28th May 2012
The Confederation of British Industry has called on the government to take steps to make infrastructure assets more attractive to pension funds. It wants to raise the credit rating of infrastructure projects and secure tax breaks for the sector. This could, the CBI suggests, provide a much-needed boost to British industry at a time when economic numbers are flagging. But will it work?
The CBI release says : "If we want to see the billions of pounds needed to upgrade our ageing infrastructure and secure jobs and growth for the long-term, the Government must make smarter use of limited public finances. By underpinning and lifting the credit rating of certain infrastructure assets, it can make them less risky and more attractive to investors.
"If we can capture just a fraction of the £1.5 trillion of capital held in UK pension funds, and invest a further 2% of their total assets in infrastructure, this would make a huge contribution to renewing our energy, transport and other infrastructure."

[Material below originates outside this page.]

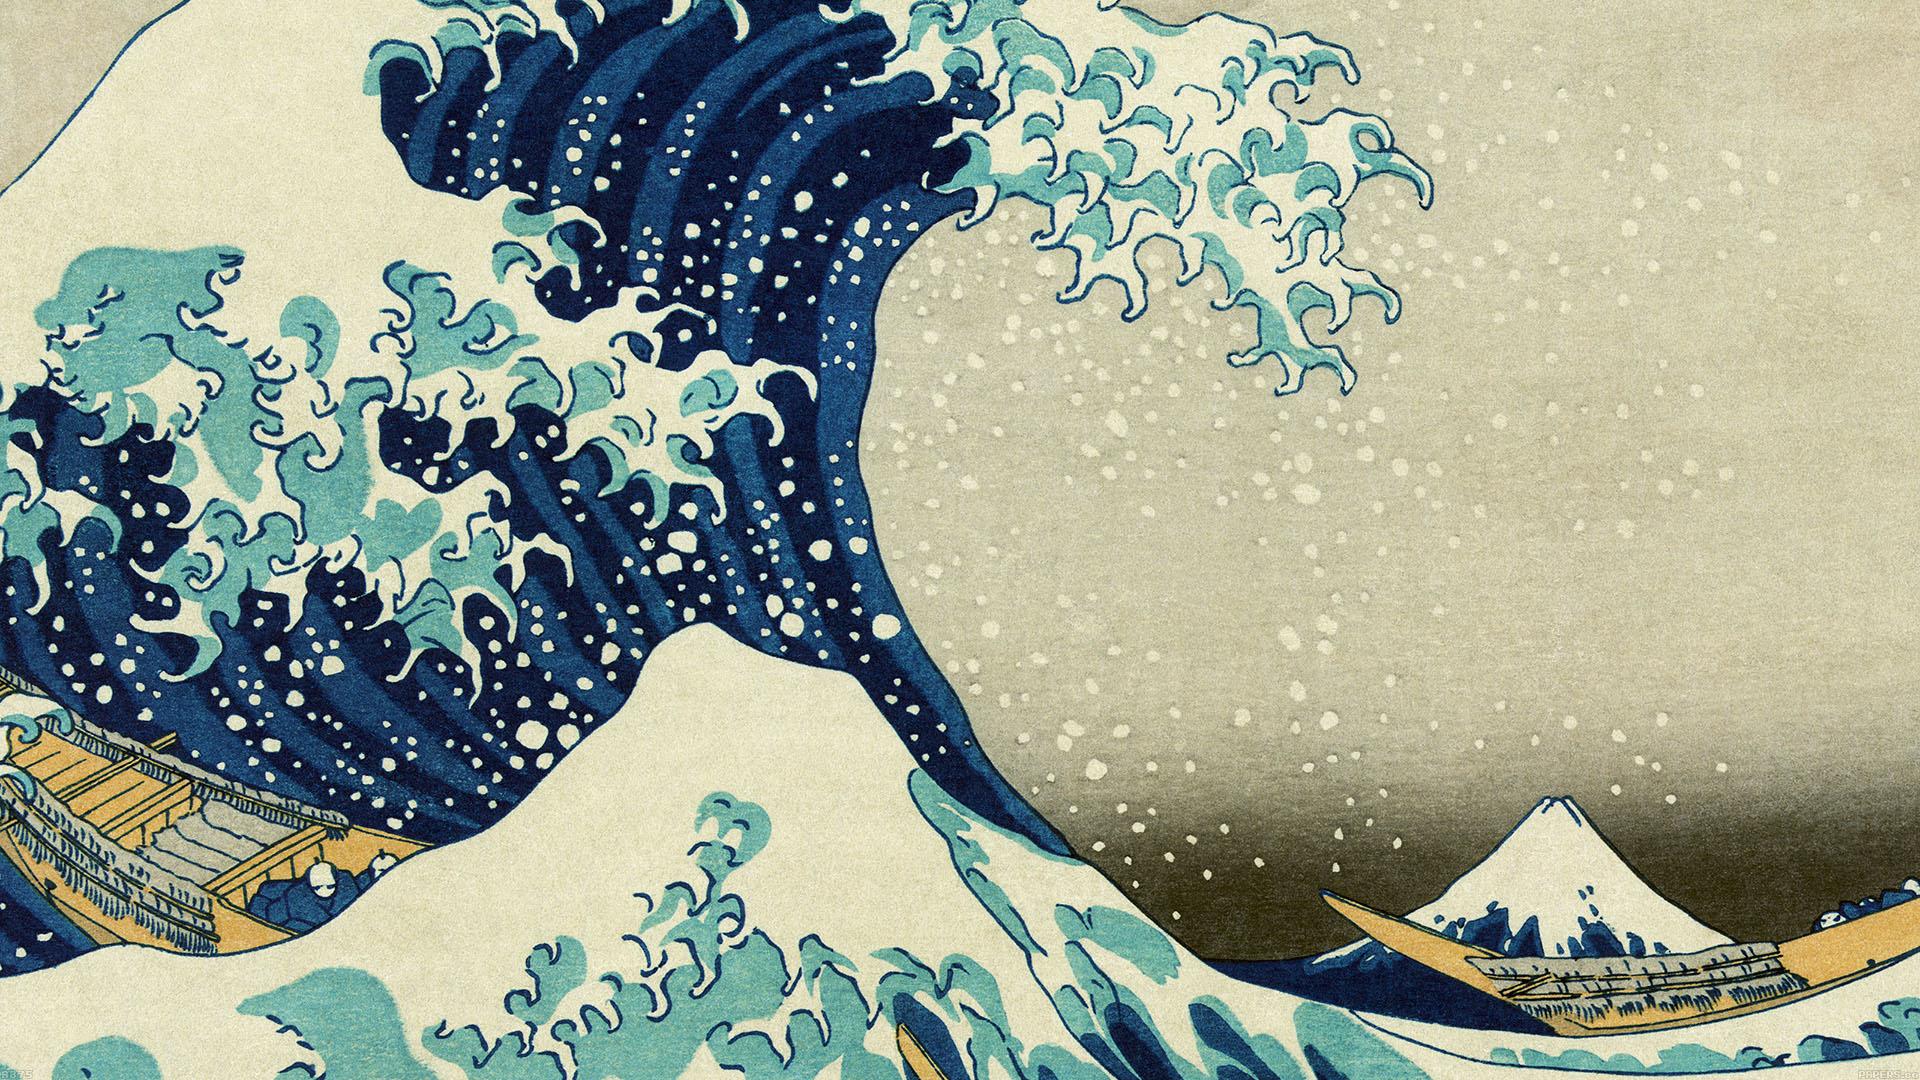 The Great Wave Off Kanagawa Hd Wallpaper 2560 X 1600

The group proposed that the Government lifted the credit rating for infrastructure projects to above investment grade (BBB-). It also proposed a dividend tax credit targeted purely at new projects, which would make infrastructure more attractive to defined benefit pension funds.
Initially, it should be said that infrastructure assets are a natural choice given the investment profile of pension funds. They provide a long-term, inflation-linked income, which neatly matches the liabilities of this part of the market. Foreign investors have entered UK infrastructure assets and infrastructure has proved a popular investment for pension funds globally.

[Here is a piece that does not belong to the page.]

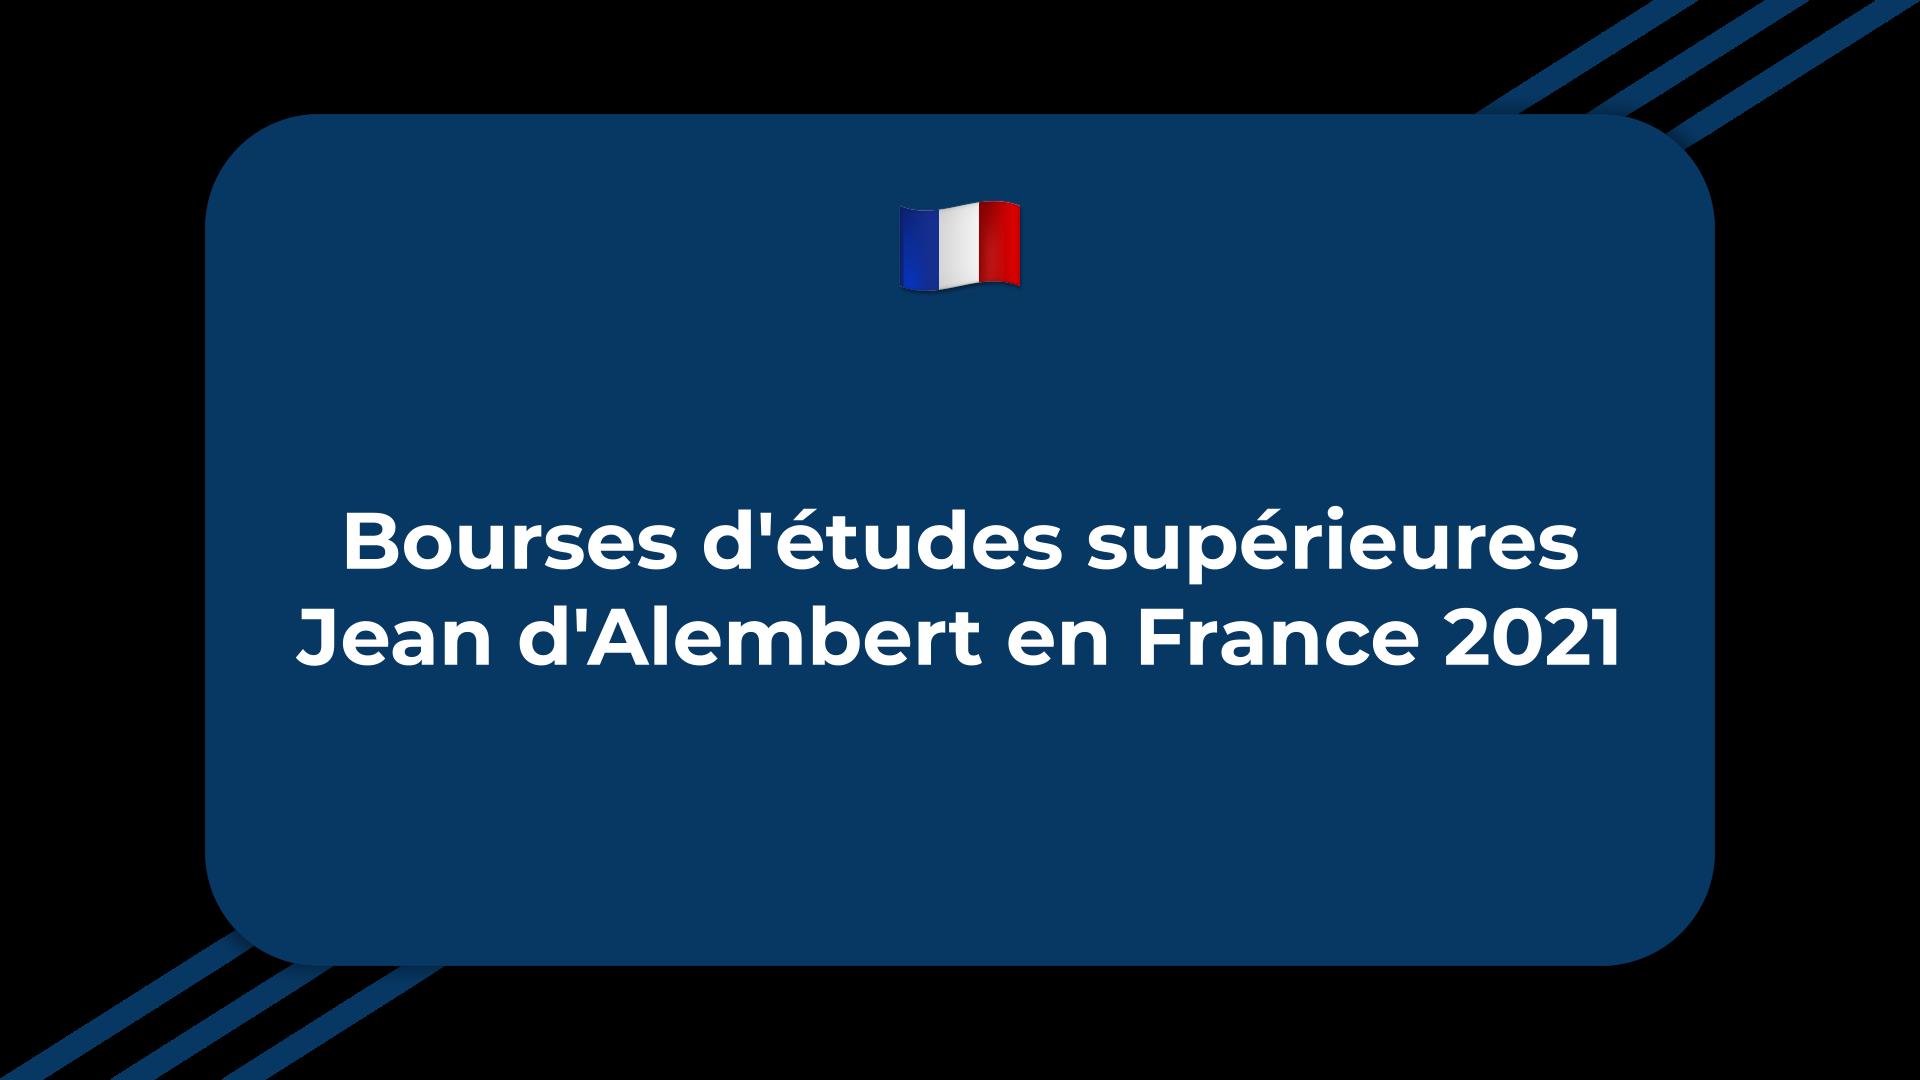 Bourses d'études supérieures Jean d'Alembert

We have explored this previously on Mindful Money: "Last week, a massive Canadian retirement scheme joined up with a consortium of Japanese pension funds and banks to set up a $20bn infrastructure fund that will invest in major projects such as airports and roads."

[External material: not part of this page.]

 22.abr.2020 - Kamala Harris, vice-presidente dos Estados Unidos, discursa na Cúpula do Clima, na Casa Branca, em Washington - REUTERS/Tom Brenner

But to date UK pension funds have steered clear. There was some progress in November last year with the NAPF and the Pension Protection Fund signing an agreement with the government to boost investment in the sector.
They said at the time: "Structured correctly, infrastructure assets can provide the necessary investment profile that pension funds require, and pension funds can be an important source of private investment. However, the current investment model makes it difficult for them to invest efficiently in infrastructure."
Progress has been slow. Around 10-12 major pension funds have signed up to the infrastructure platform, but there is still widespread reticence.
This piece shows the current thinking of the pensions industry: "Leave aside that while some pension funds have signed up to the platform, many are distinctly unwilling to bankroll high risk infrastructure projects. Given that cost of government debt is so low, reflected by chancellor George Osborne's decision to look into locking in current low borrowing costs by issuing perpetual bonds, there have to be question marks over creating an elaborate and potentially much more costly mechanism to fund infrastructure projects. Anybody remember the private finance initiative?"
The moves proposed by the CBI would certainly go some way to address the reluctance of pension funds to invest and would seem to place relatively little pressure on government finances. The question of whether it would boost UK GDP is more difficult to assess.
In the meantime, Goldenboy on the Telegraph site proposes an alternative option: "We need an independent sovereign wealth fund charged with making infrastructure investments that generate a return. The fund should be given £500bn which can be borrowed by HMG at current rates of 1.8% and only invest when rates of return are at least 5% -not a demanding target. The profit should go towards filling the black hole that is state pensions – the removal of this black hole will give the markets the confidence they need to lend this money without demanding a premium.
"There are plenty of projects that can make this return but the fund could be given certain rights to make planning decision and to levy local charges in order to enhance the returns. For instance if a new railway line makes all the buildings in a town a lot more valuable, then the fund should have the right to take a part of this value. Similarly it should have the right to purchase land at prices before the new railway arrives to capitalise on it by building new homes and factories. And so on."
The presence of a strong sovereign wealth fund certainly made the difference for some companies during the credit crisis. However, they were generally countries that had some money in the first place.